Just this past May, Elsevier — the most notorious of the price-gouging proprietary academic publishing crime families — acquired the open-access academic repository SSRN. That’s right — a publisher that charges $30 to access 30-year-old papers is closing off free legal alternatives while simultaneously whining about sharing sites like Sci-Hub. Meanwhile, a Science magazine survey found 88% of respondents consider it morally acceptable to access “pirated” articles for free on sharing websites, and 25% actually do so weekly (“In survey, most give thumbs-up to pirated papers,” Science, May 6). Now more than ever there’s a crying need for someone to do to academic publishing what the file-sharing movement did to the music industry.

At a time of unprecedented price-gouging by proprietary academic publishers ($25-30 for a single article is the norm), the primary concern of major voices in the industry is not the price of access, but — get this — free downloading. Elsevier’s director of universal access, Alicia Wise, tweeted on March 14 that “I’m all for universal access, but not theft!” But what her company does is the very definition of theft.

Fortunately Sci-Hub has gone a long way towards addressing academic publishing’s need for The Pirate Bay treatment, at least in the sciences. Elsevier has sought legal remedies — including domain name seizure — to shut it down. But because Sci-Hub is based on Russian servers, it’s beyond the reach of the U.S. legal system, and can quickly pop back up under another domain name.

But we still need, as Jimmy Tidey argues, to expand the Knowledge Commons model more widely to encompass all of academic publishing, and promote use of the commons-based services at the expense of proprietary interests (“Designing a fair and sustainable system of academic publishing,” P2P Blog, July 28).
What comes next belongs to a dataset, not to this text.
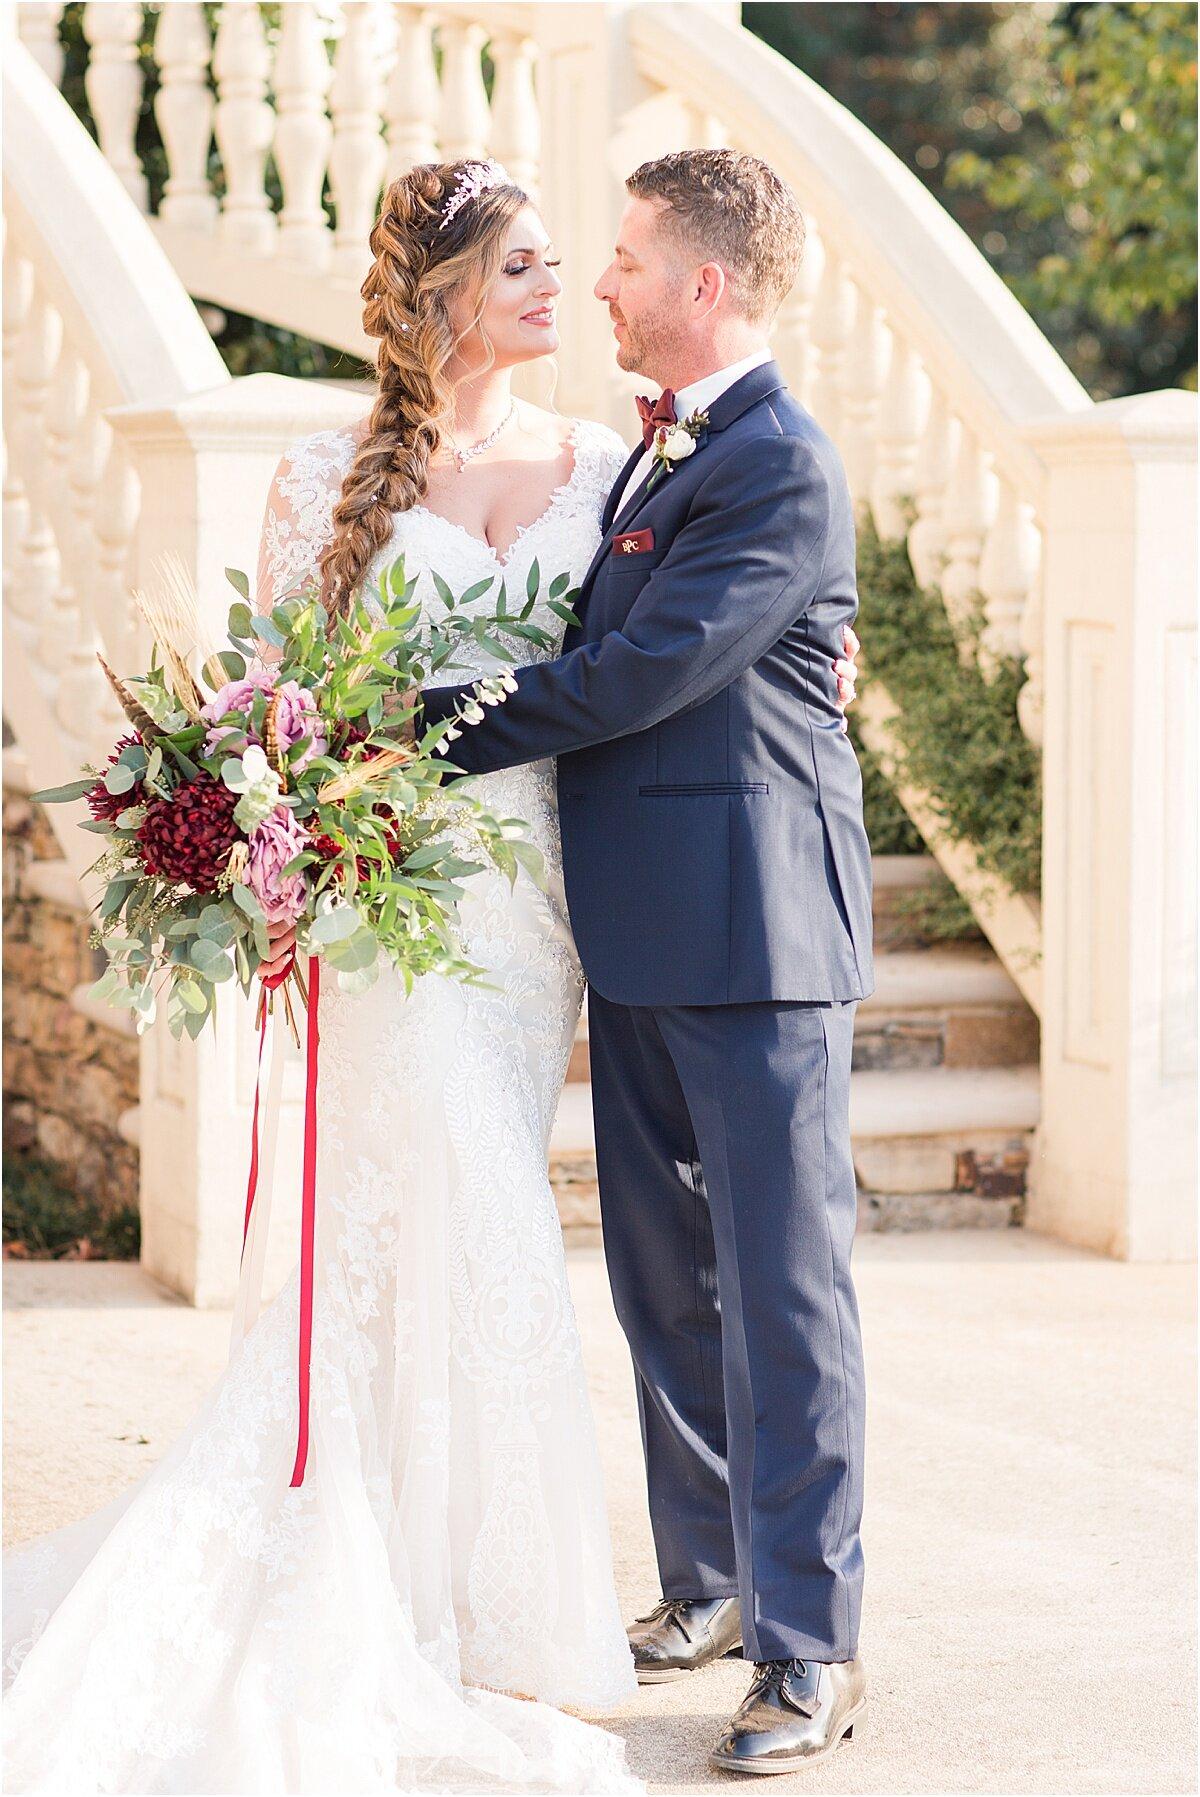 Jersey_Ga_Wedding_Venues_Holly_L_Robbins_Photography_0089.jpg

In the course of his argument Tidey effectively demolishes most of the objections to Sci-Hub that Science editor Marcia McNutt lays out in a concern-trolling editorial (“My love-hate of Sci-Hub,” Science, April 29). McNutt complains that illegal downloads from Sci-Hub rob traditional publishers of accurate readership and citation statistics, as well as depriving them of the revenues needed to fund their legitimate operating costs.

But as Tidey points out, a unified open publishing framework, governed by Elinor Ostrom’s principles of commons governance, would provide a transparent database for the kinds of readership and citation analytics that are currently conducted only piecemeal by the journal-based system, or gamed for purposes of self-promotion within academic departments.

And the access fees charged by operations like Elsevier’s are many, many times the amount necessary to pay legitimate costs like the salaries of their staff or web-hosting costs. Indeed, the proprietary online publishing industry’s profit margin is around 40% — and bear in mind that’s probably on top of the kinds of enormously inflated overhead costs, irrational capital outlays and management self-dealing that prevail in organizations with guaranteed rates of monopoly profit.

Thanks to the ability of self-organized networks to run circles around dinosaur institutions like capitalist corporations and the state that serves them, we are well on the way to realizing the goal stated by Aaron Swartz in the Guerilla Open Access Manifesto. For years, guerrilla academics have — as Swartz suggested — shared their privileged access to journal repositories by downloading articles for their colleagues on the outside. And through efforts like Sci-Hub, they are answering Swartz’s call to

“Take information, wherever it is stored, make our copies and share them with the world. We need to take stuff that’s out of copyright and add it to the archive. We need to buy secret databases and put them on the Web. We need to download scientific journals and upload them to file sharing networks.”

Like all forms of authority, “intellectual property” is a form of irrationality. Free people, creating and sharing free knowledge, treat “intellectual property” as damage and route around it.